Task to carry out: Please copy the data exactly as it stands, minus the images.

Data shown:
>>>
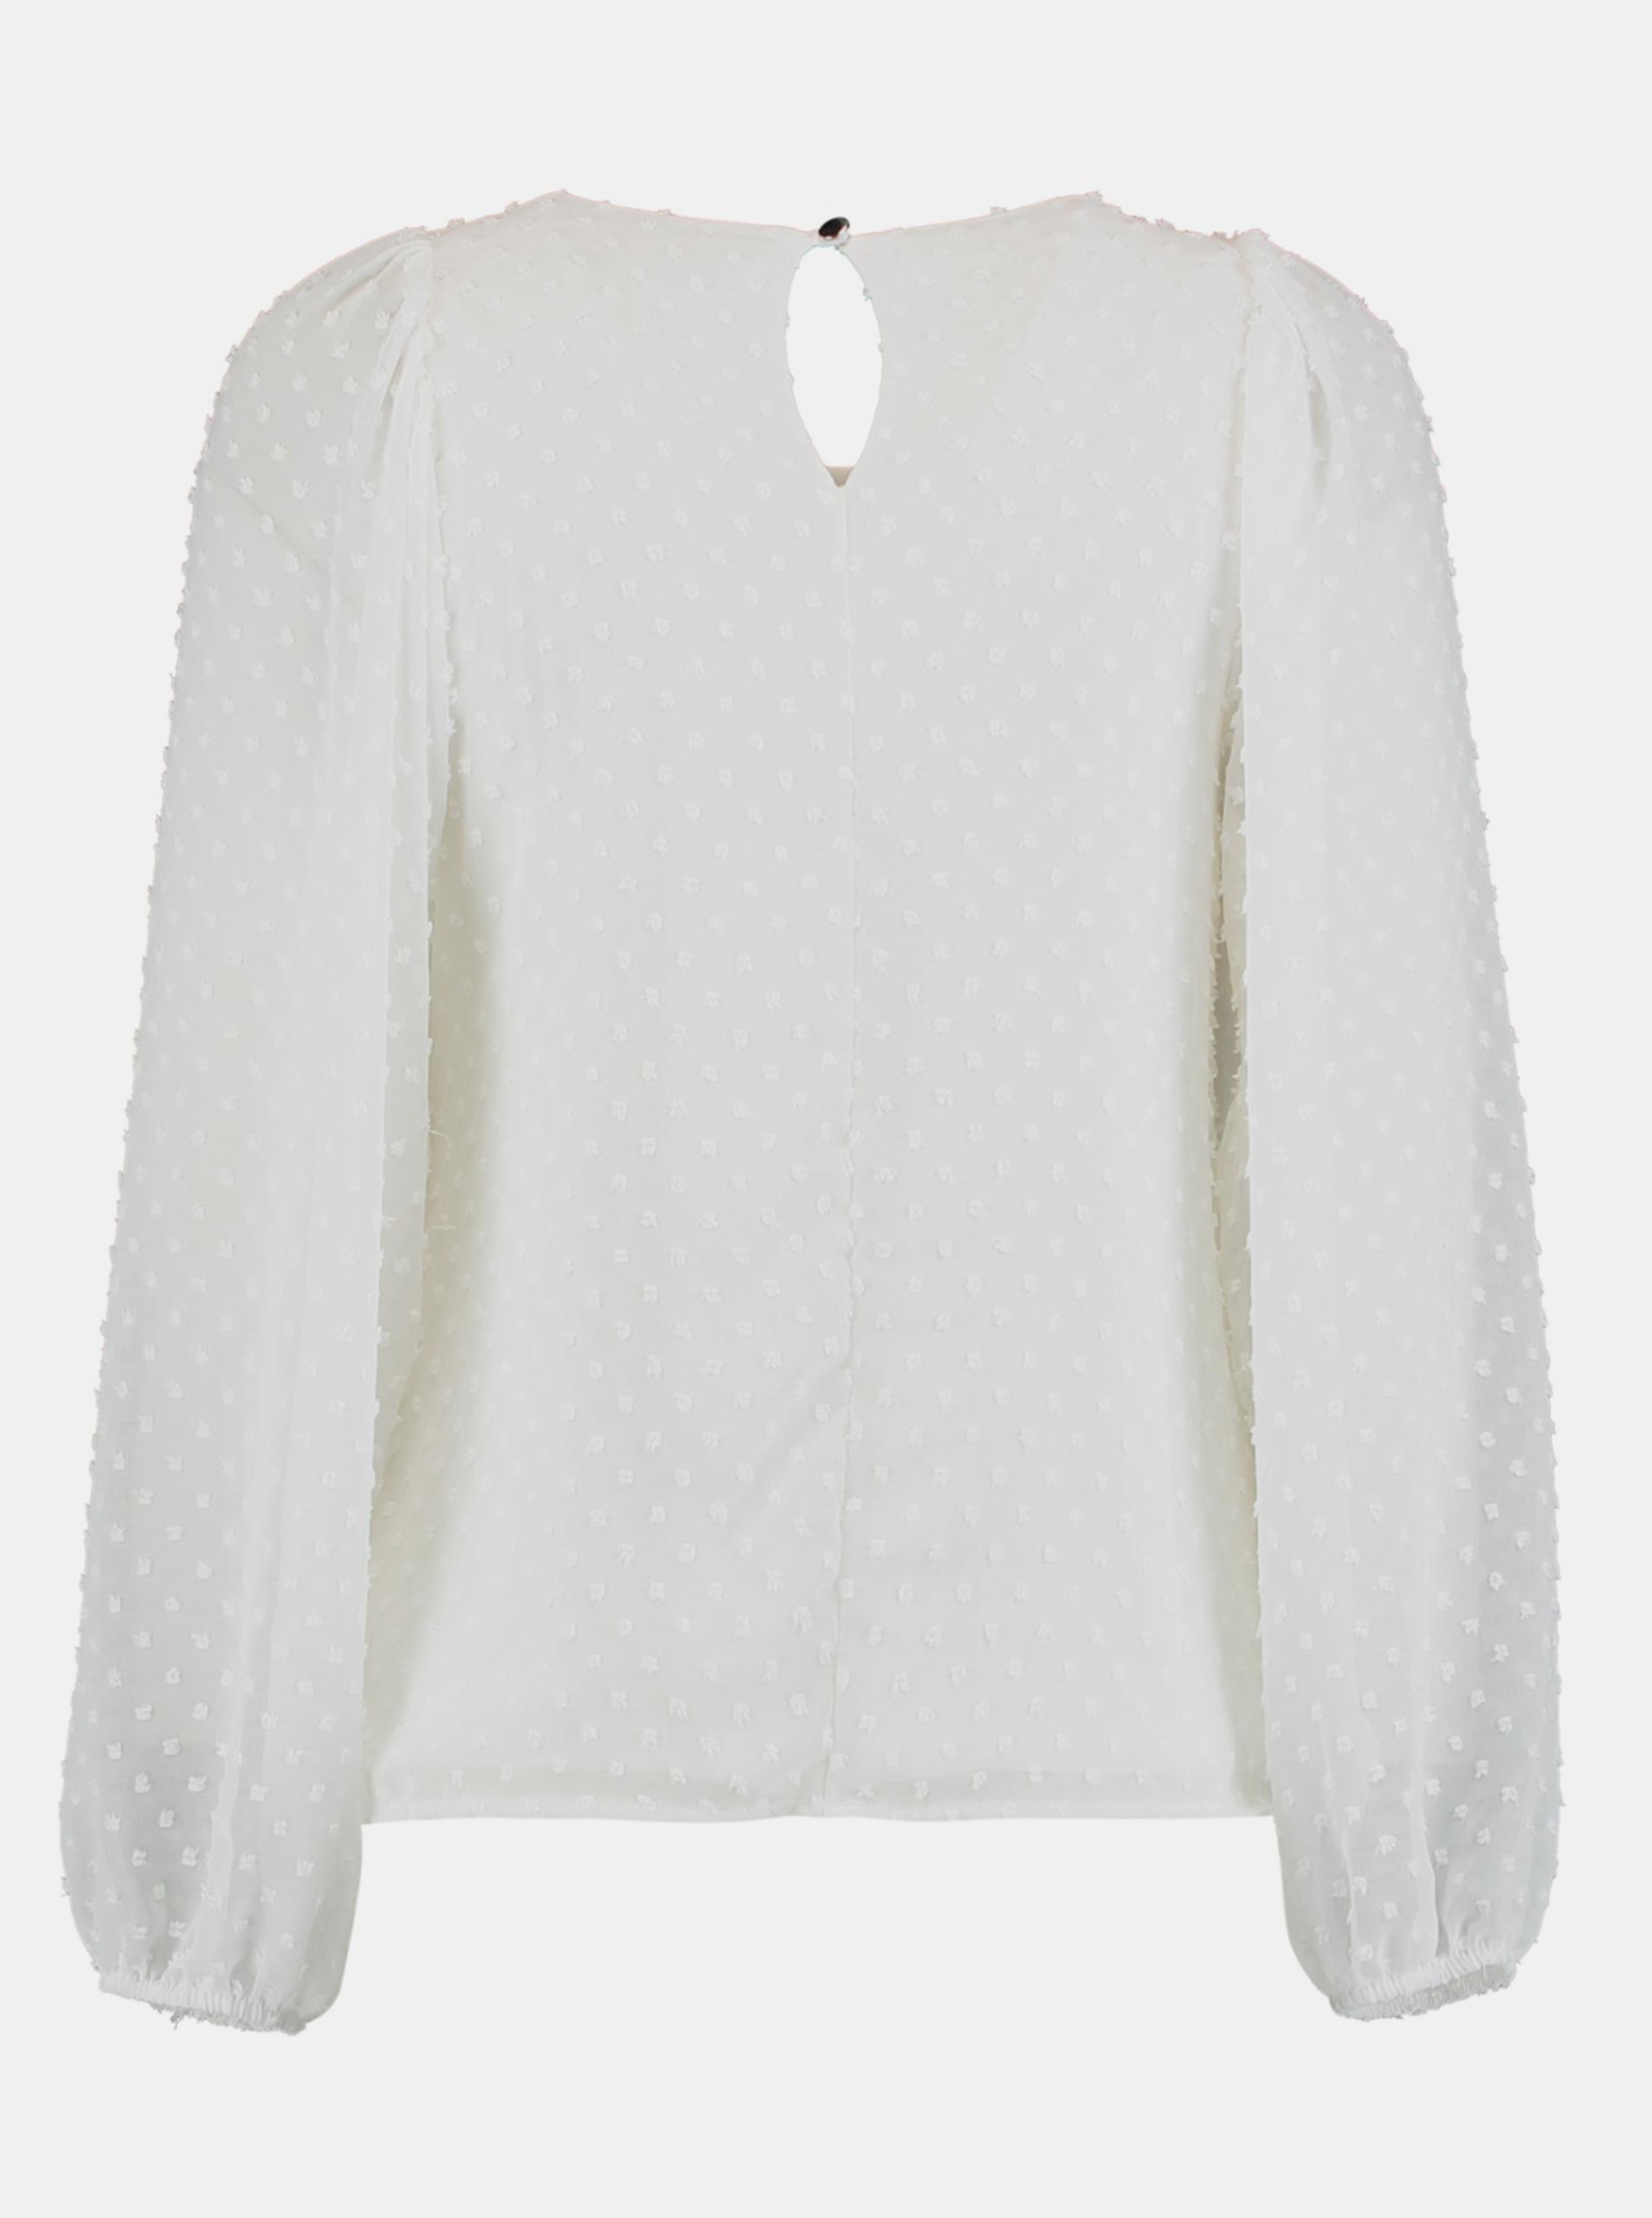 Hailys white blouse
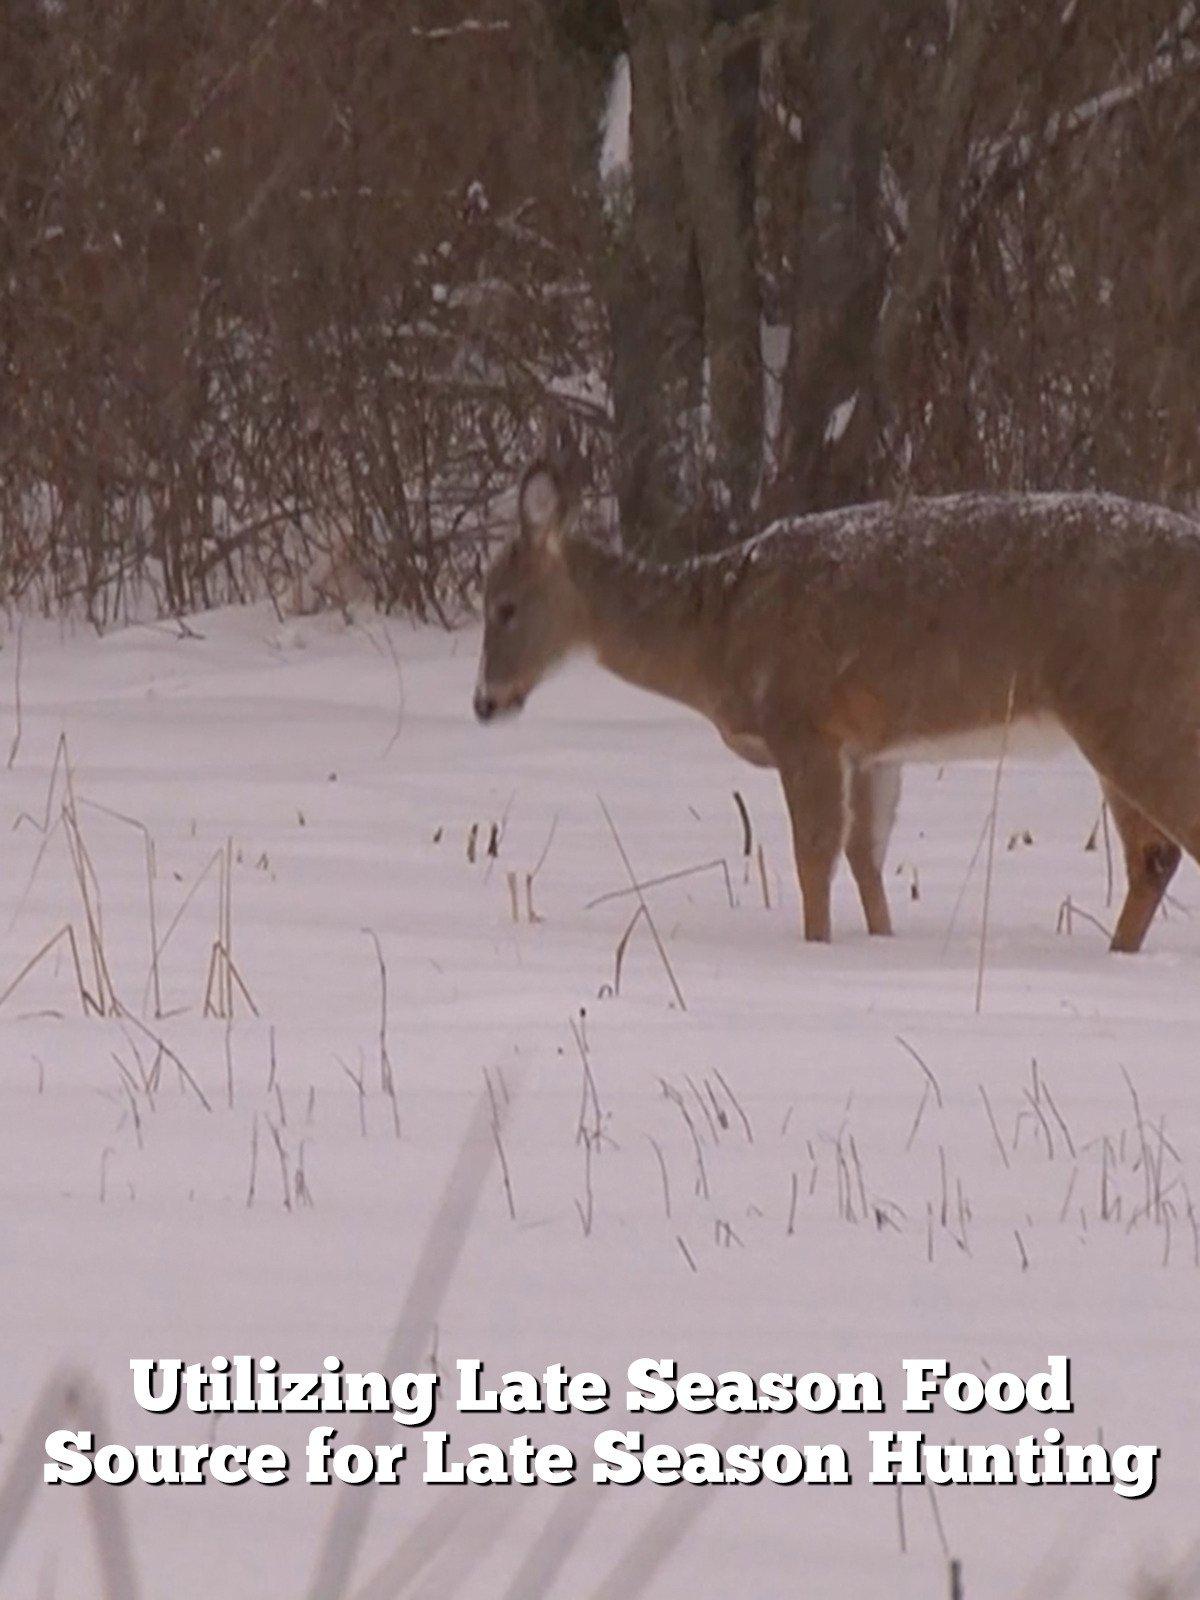 Utilizing Late Season Food Source for Late Season Hunting
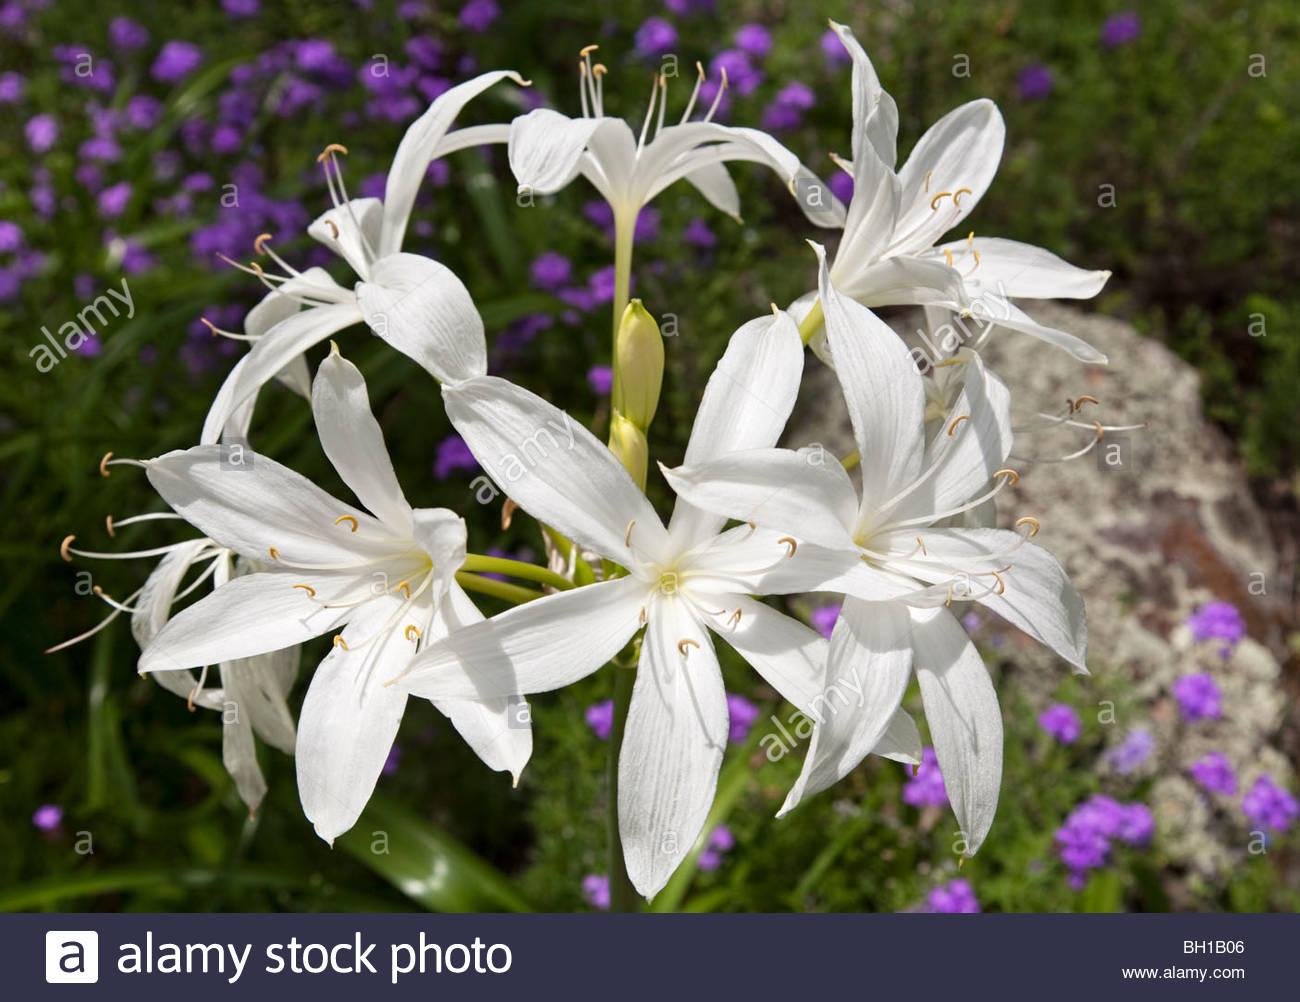 Murray Lily (Crinum flaccidum) , Kwiambal National Park, New South Wales, Australia - Stock Image
<<<
Answer:
 Hailys white blouse
 Utilizing Late Season Food Source for Late Season Hunting
 Murray Lily (Crinum flaccidum) , Kwiambal National Park, New South Wales, Australia - Stock Image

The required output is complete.